→ Data:
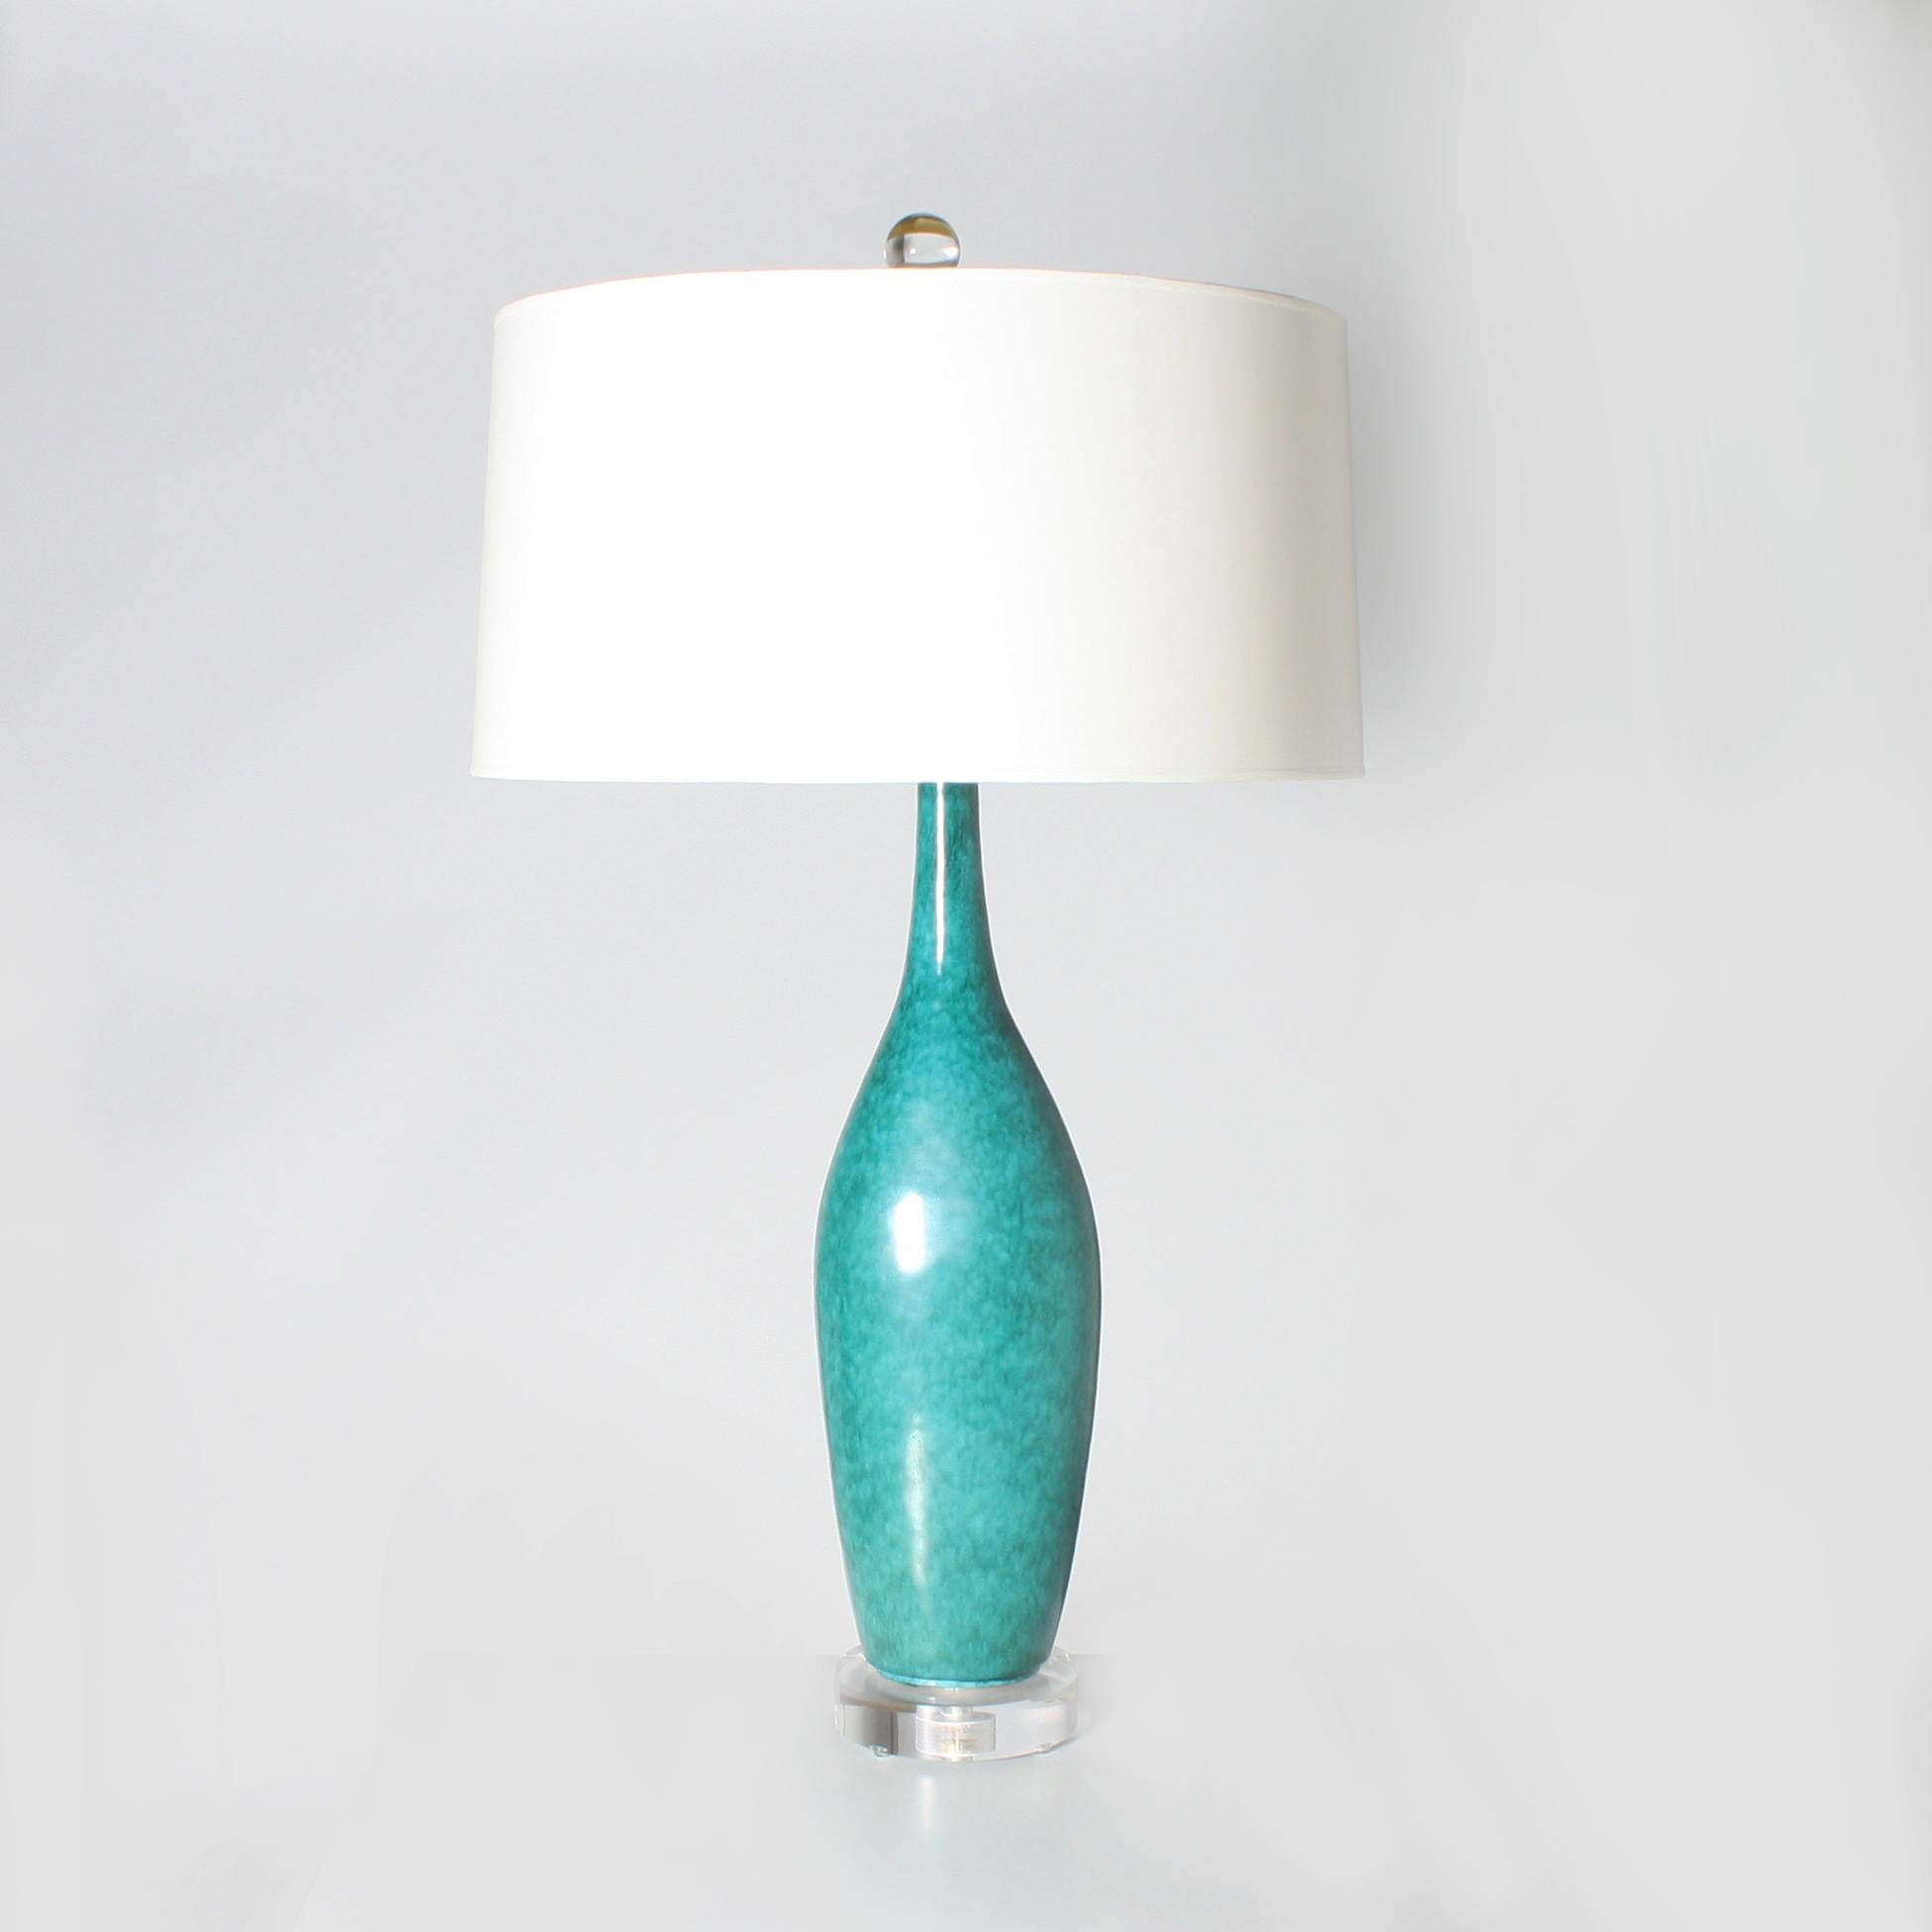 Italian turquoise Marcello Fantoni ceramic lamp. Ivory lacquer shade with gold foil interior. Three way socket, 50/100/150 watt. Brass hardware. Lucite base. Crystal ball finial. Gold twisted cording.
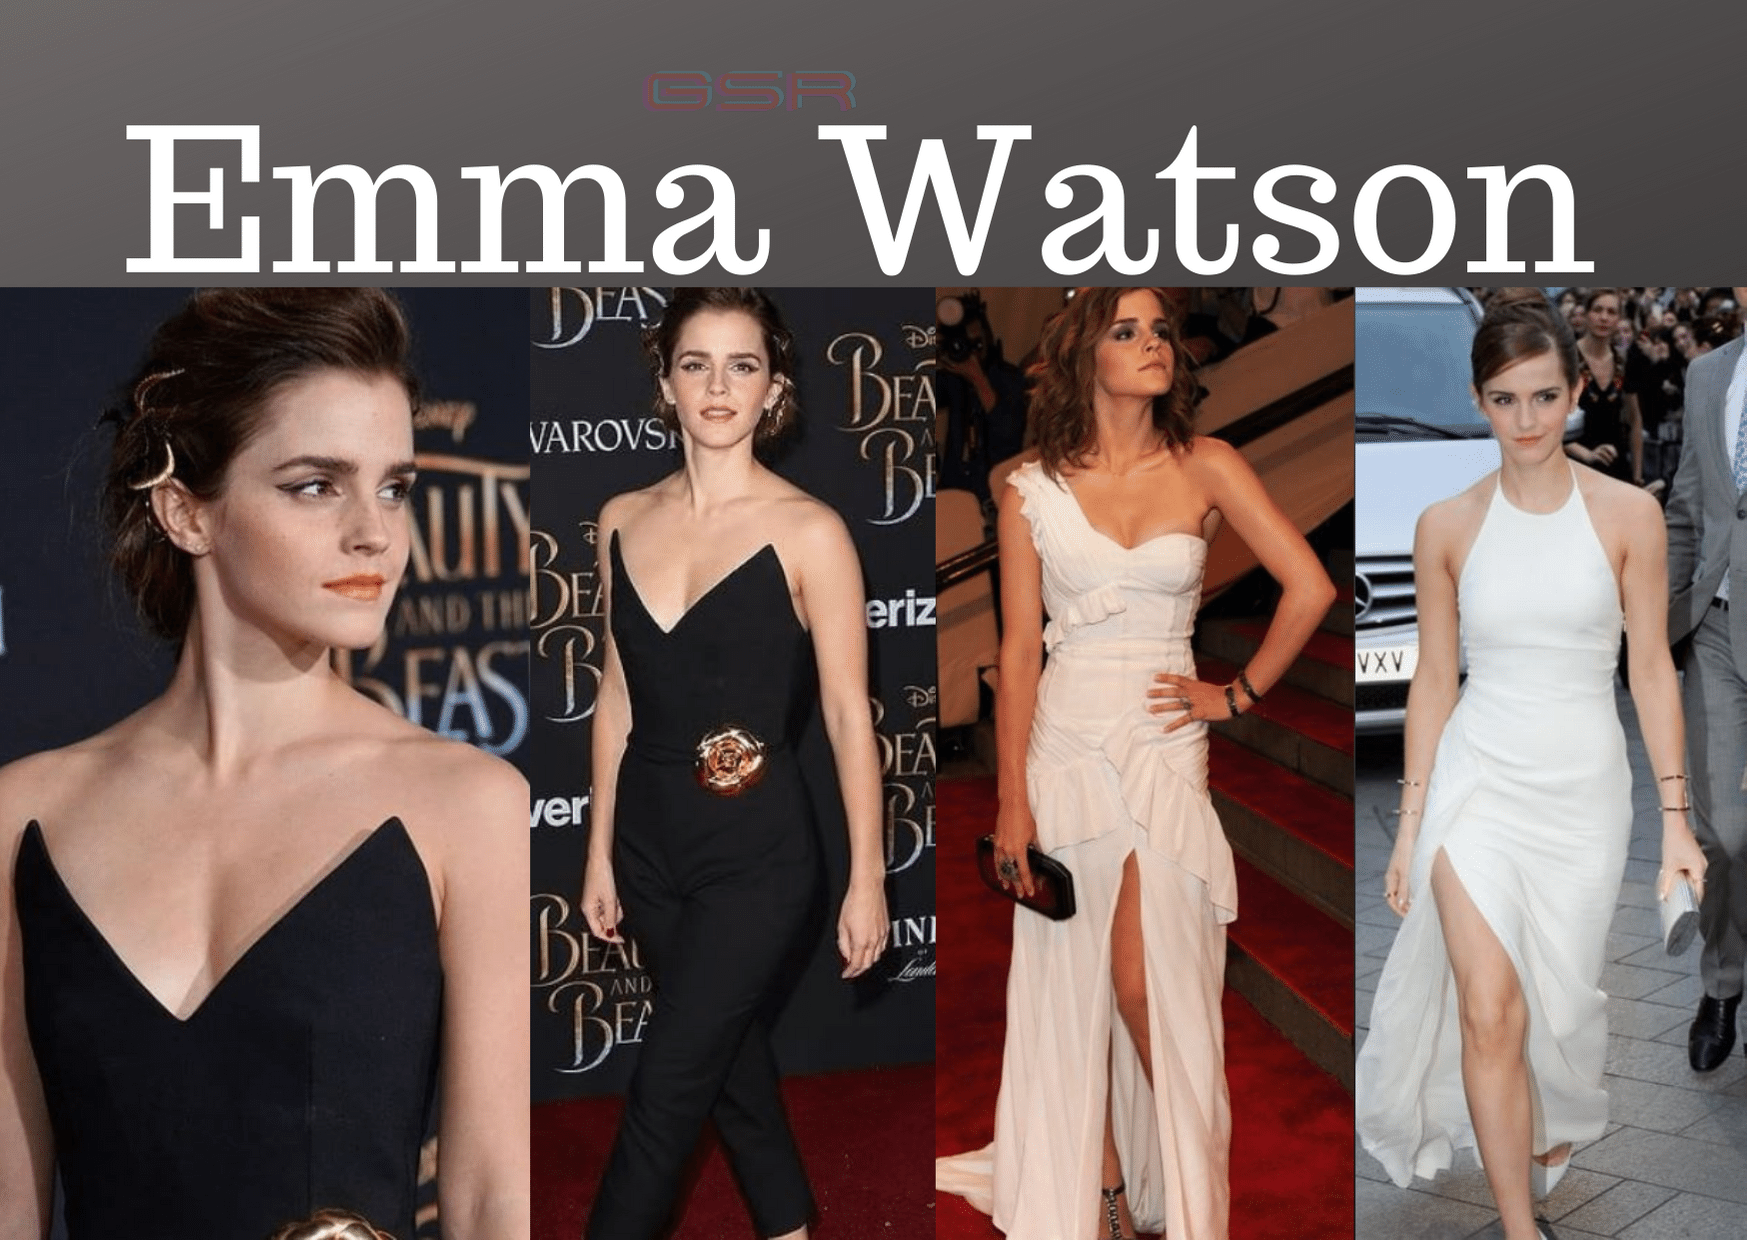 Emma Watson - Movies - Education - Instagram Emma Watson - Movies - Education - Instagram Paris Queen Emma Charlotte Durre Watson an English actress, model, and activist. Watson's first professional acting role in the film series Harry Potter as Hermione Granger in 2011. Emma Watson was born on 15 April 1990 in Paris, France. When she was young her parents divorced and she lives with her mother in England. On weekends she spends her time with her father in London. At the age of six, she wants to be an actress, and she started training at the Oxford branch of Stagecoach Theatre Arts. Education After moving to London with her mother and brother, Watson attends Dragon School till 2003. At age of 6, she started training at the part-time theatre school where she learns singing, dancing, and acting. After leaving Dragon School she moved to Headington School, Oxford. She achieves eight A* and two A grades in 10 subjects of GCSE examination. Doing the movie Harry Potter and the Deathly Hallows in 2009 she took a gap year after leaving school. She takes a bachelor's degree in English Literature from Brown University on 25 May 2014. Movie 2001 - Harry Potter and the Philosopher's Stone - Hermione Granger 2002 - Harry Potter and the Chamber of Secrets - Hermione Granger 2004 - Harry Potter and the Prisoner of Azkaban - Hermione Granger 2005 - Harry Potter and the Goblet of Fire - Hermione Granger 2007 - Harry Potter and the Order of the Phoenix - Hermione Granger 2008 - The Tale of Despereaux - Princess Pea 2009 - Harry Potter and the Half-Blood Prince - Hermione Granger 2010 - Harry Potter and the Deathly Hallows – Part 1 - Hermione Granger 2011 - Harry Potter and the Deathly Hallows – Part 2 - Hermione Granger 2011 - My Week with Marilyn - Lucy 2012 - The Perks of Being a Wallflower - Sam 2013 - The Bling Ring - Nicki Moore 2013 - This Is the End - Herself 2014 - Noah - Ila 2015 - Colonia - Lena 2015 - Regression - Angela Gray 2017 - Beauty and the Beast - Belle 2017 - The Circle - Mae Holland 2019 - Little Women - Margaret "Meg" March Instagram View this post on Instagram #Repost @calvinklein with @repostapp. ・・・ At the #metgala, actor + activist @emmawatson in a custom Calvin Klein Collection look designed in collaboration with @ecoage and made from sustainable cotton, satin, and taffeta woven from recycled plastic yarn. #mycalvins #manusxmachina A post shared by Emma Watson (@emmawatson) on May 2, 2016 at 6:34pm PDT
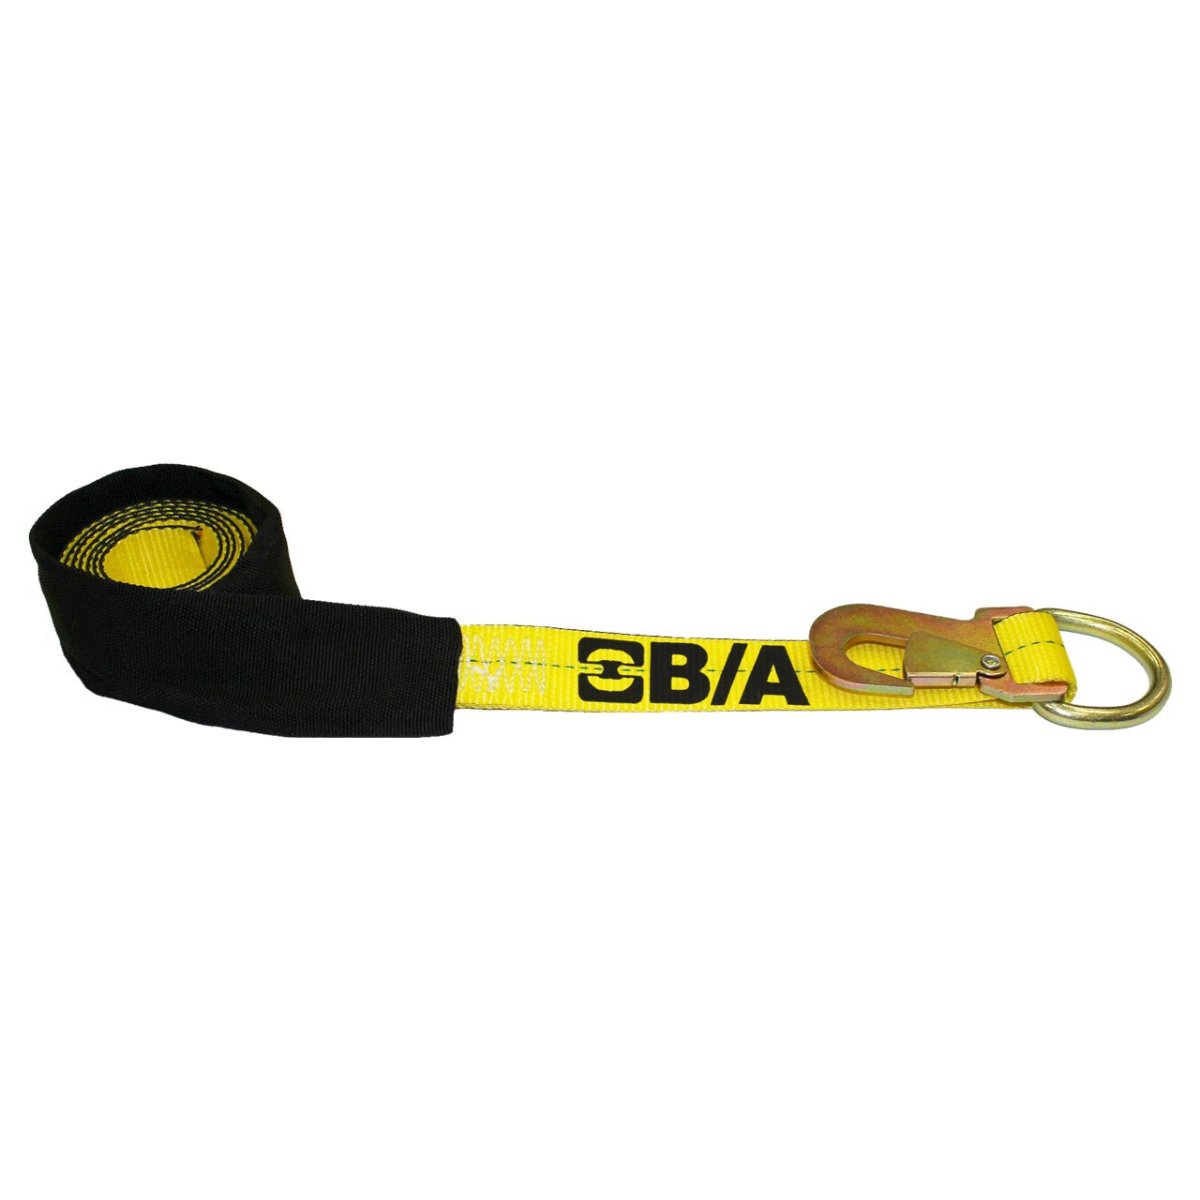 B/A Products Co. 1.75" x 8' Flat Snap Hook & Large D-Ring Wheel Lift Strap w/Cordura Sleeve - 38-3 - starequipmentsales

→ Assigned task:
Only text belongs in the copy: repeat each line of the data exactly and leave out the pictures.

→ Task solution:
 Italian turquoise Marcello Fantoni ceramic lamp. Ivory lacquer shade with gold foil interior. Three way socket, 50/100/150 watt. Brass hardware. Lucite base. Crystal ball finial. Gold twisted cording.
 Emma Watson - Movies - Education - Instagram Emma Watson - Movies - Education - Instagram Paris Queen Emma Charlotte Durre Watson an English actress, model, and activist. Watson's first professional acting role in the film series Harry Potter as Hermione Granger in 2011. Emma Watson was born on 15 April 1990 in Paris, France. When she was young her parents divorced and she lives with her mother in England. On weekends she spends her time with her father in London. At the age of six, she wants to be an actress, and she started training at the Oxford branch of Stagecoach Theatre Arts. Education After moving to London with her mother and brother, Watson attends Dragon School till 2003. At age of 6, she started training at the part-time theatre school where she learns singing, dancing, and acting. After leaving Dragon School she moved to Headington School, Oxford. She achieves eight A* and two A grades in 10 subjects of GCSE examination. Doing the movie Harry Potter and the Deathly Hallows in 2009 she took a gap year after leaving school. She takes a bachelor's degree in English Literature from Brown University on 25 May 2014. Movie 2001 - Harry Potter and the Philosopher's Stone - Hermione Granger 2002 - Harry Potter and the Chamber of Secrets - Hermione Granger 2004 - Harry Potter and the Prisoner of Azkaban - Hermione Granger 2005 - Harry Potter and the Goblet of Fire - Hermione Granger 2007 - Harry Potter and the Order of the Phoenix - Hermione Granger 2008 - The Tale of Despereaux - Princess Pea 2009 - Harry Potter and the Half-Blood Prince - Hermione Granger 2010 - Harry Potter and the Deathly Hallows – Part 1 - Hermione Granger 2011 - Harry Potter and the Deathly Hallows – Part 2 - Hermione Granger 2011 - My Week with Marilyn - Lucy 2012 - The Perks of Being a Wallflower - Sam 2013 - The Bling Ring - Nicki Moore 2013 - This Is the End - Herself 2014 - Noah - Ila 2015 - Colonia - Lena 2015 - Regression - Angela Gray 2017 - Beauty and the Beast - Belle 2017 - The Circle - Mae Holland 2019 - Little Women - Margaret "Meg" March Instagram View this post on Instagram #Repost @calvinklein with @repostapp. ・・・ At the #metgala, actor + activist @emmawatson in a custom Calvin Klein Collection look designed in collaboration with @ecoage and made from sustainable cotton, satin, and taffeta woven from recycled plastic yarn. #mycalvins #manusxmachina A post shared by Emma Watson (@emmawatson) on May 2, 2016 at 6:34pm PDT
 B/A Products Co. 1.75" x 8' Flat Snap Hook & Large D-Ring Wheel Lift Strap w/Cordura Sleeve - 38-3 - starequipmentsales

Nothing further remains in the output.